__The data__.
==*==

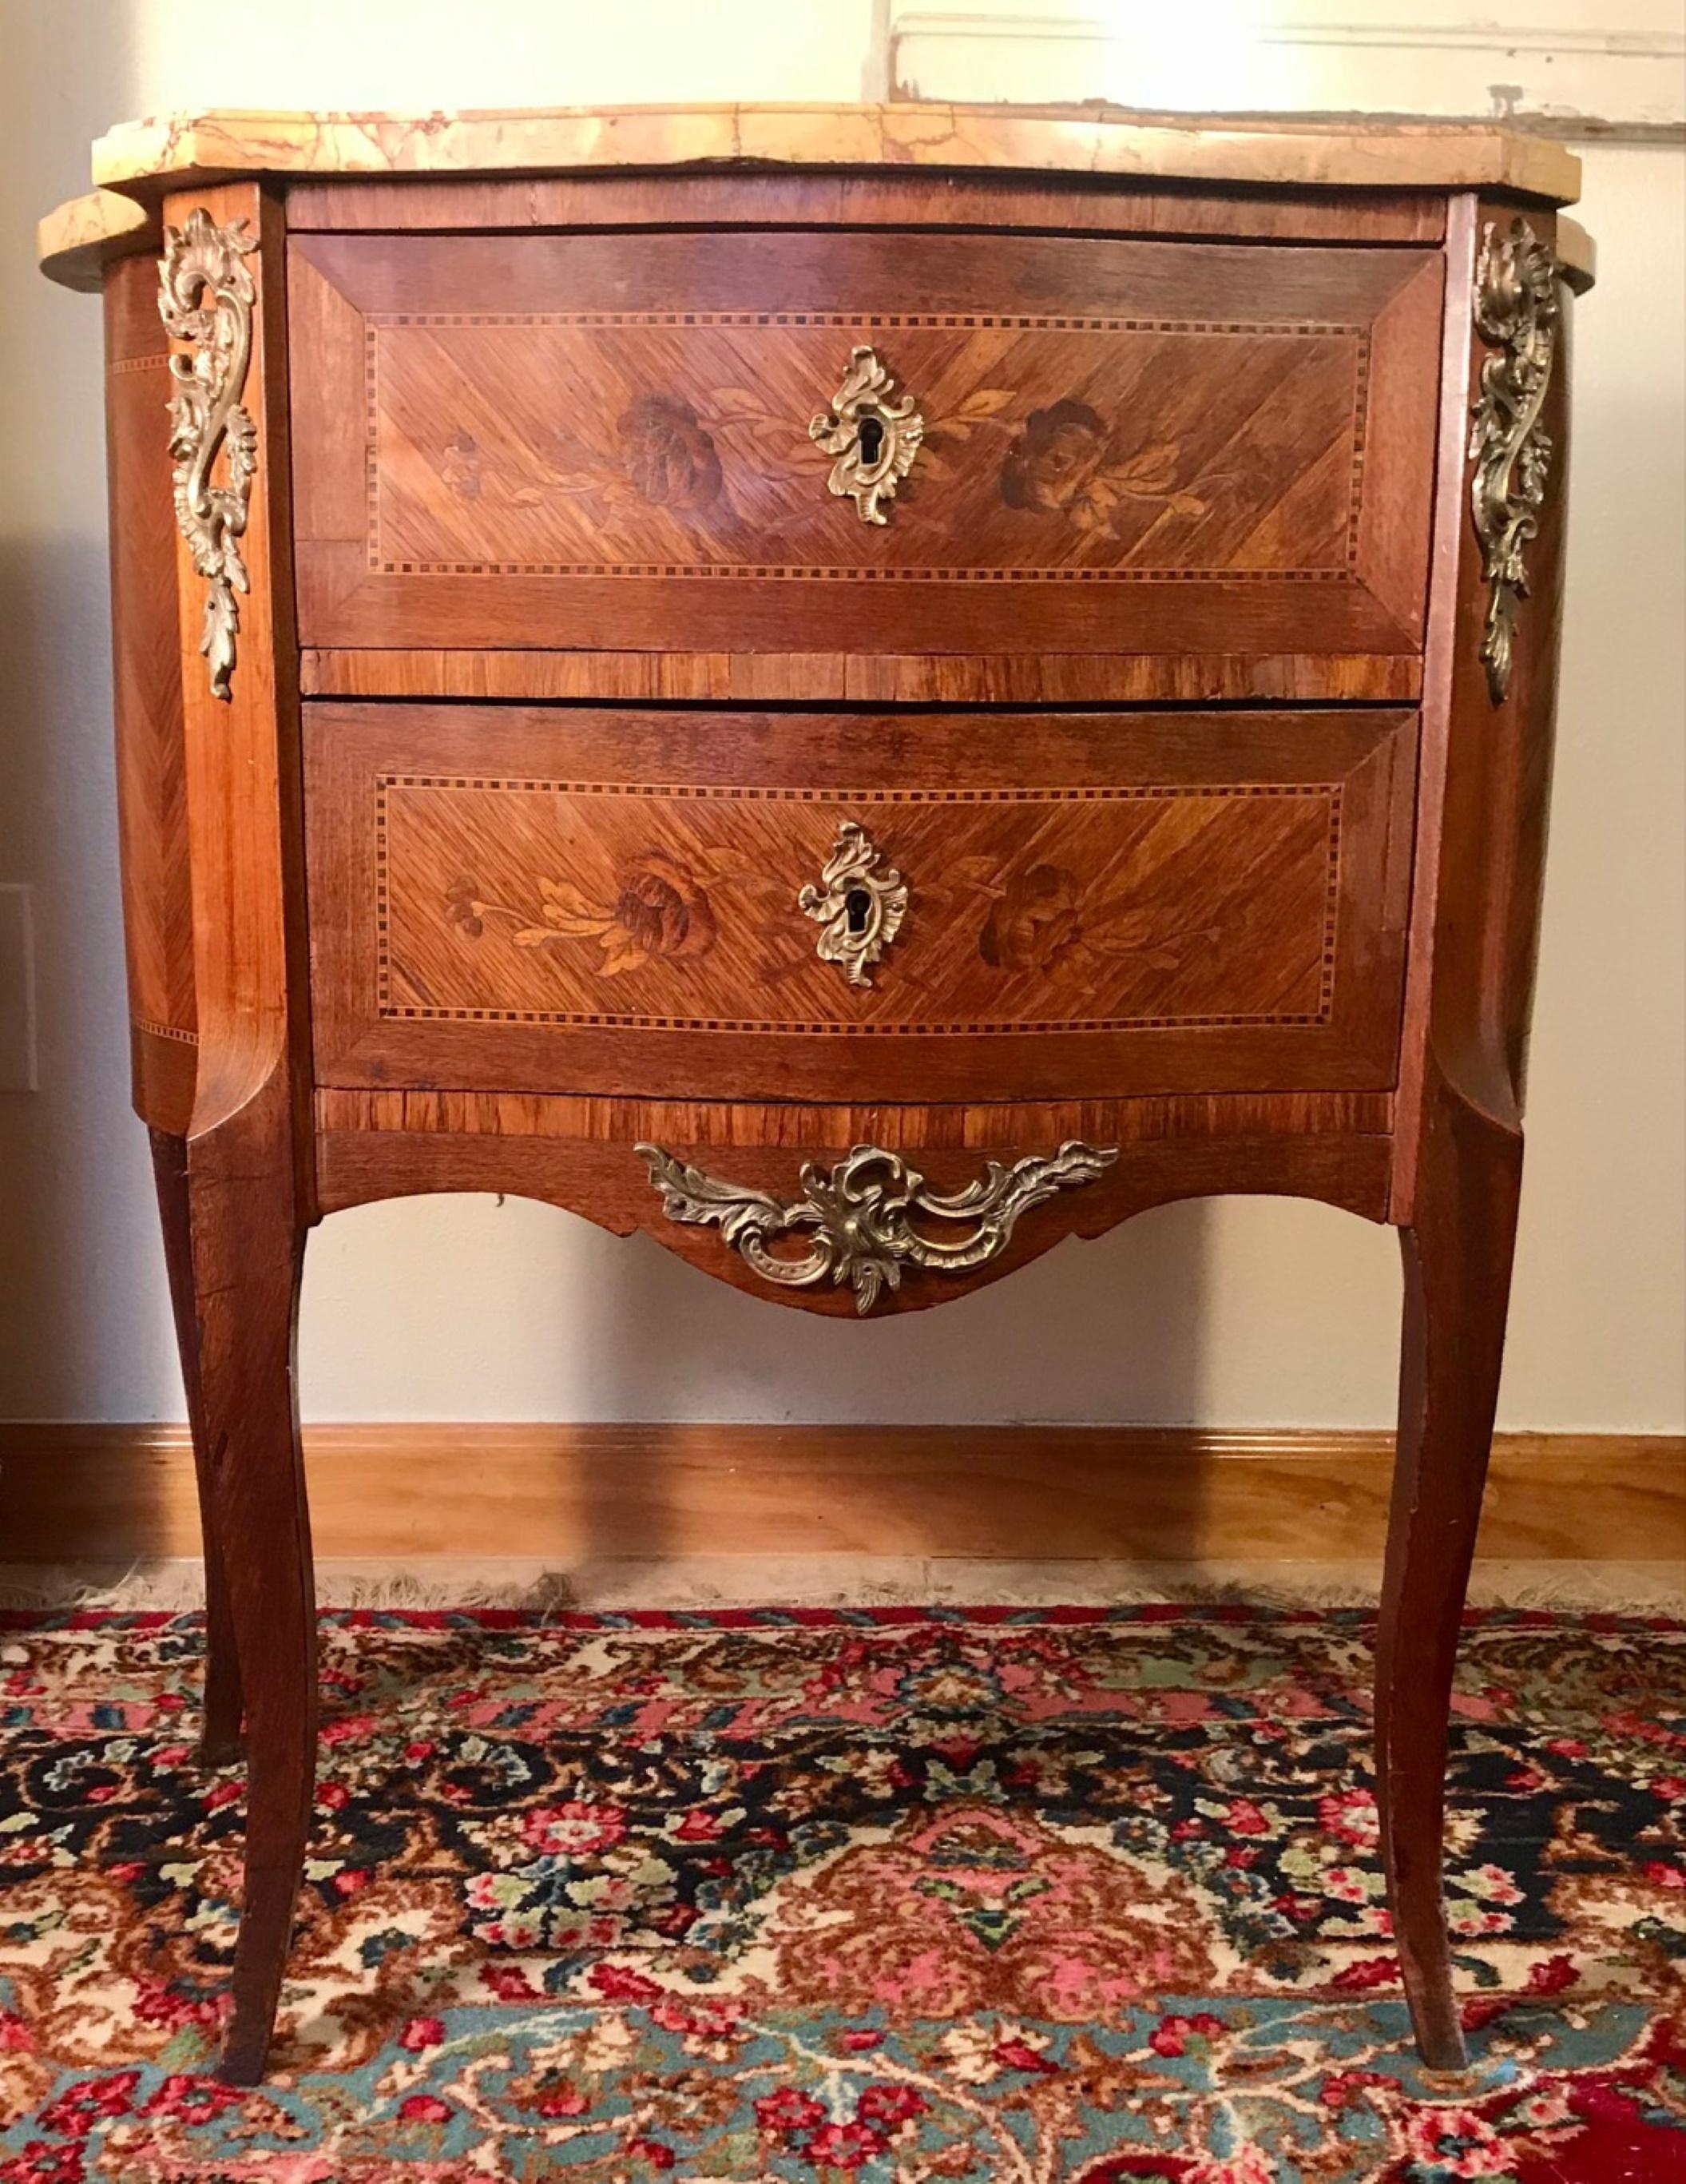 19th Century Louis XVI Style Marquetry 2-drawer Siena Marble Commode 

This Louis XVI style commode is beautifully veneered and decorated with intricate marquetry work on 3 sides. The 2-drawer body is set on slender and graceful cabriole legs.
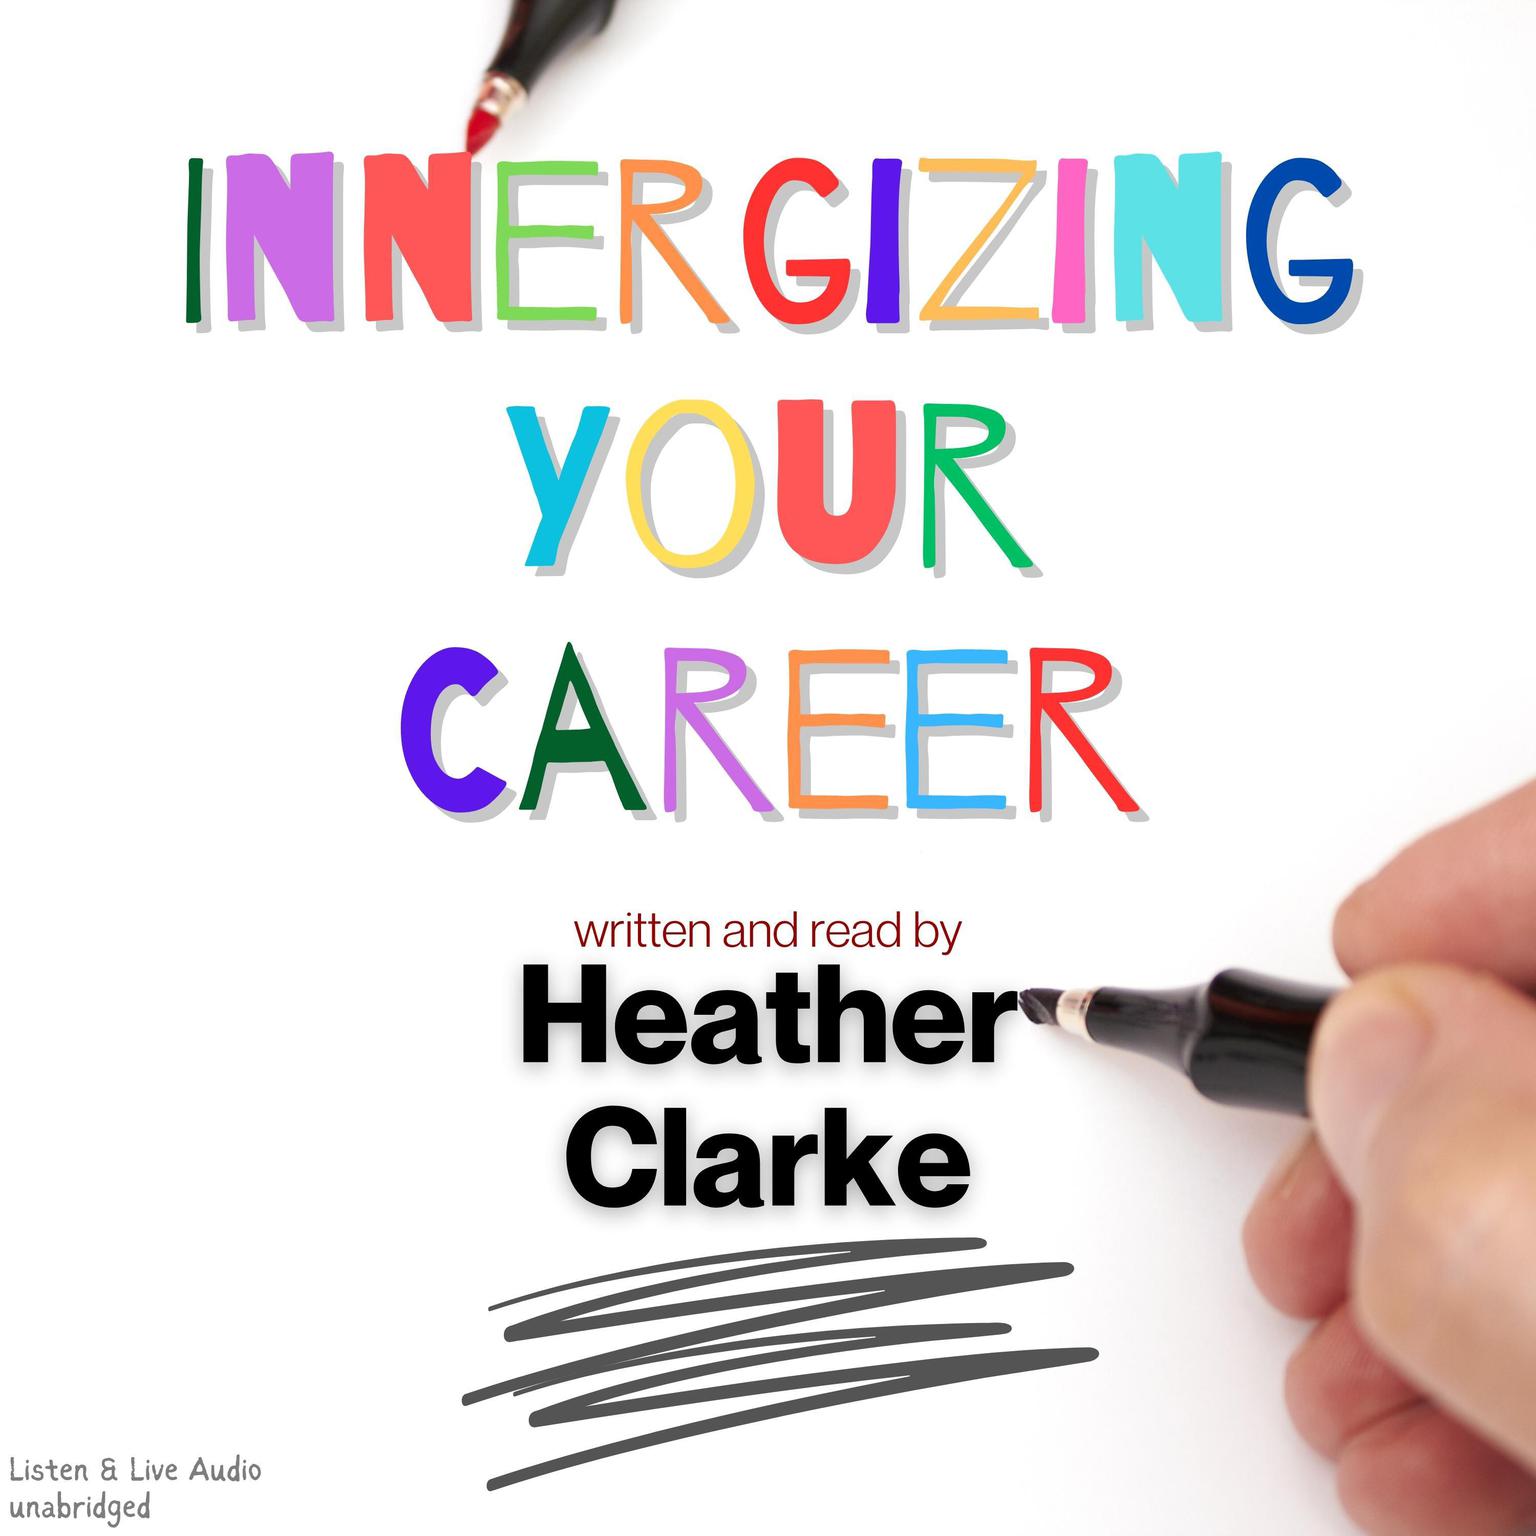 Innergizing Your Career Audiobook, by Heather Clarke

==*==

__Goal of the exercise__. Copy all of the listing word for word, minus the images.

__Result for this exercise__.
 19th Century Louis XVI Style Marquetry 2-drawer Siena Marble Commode 

This Louis XVI style commode is beautifully veneered and decorated with intricate marquetry work on 3 sides. The 2-drawer body is set on slender and graceful cabriole legs.
 Innergizing Your Career Audiobook, by Heather Clarke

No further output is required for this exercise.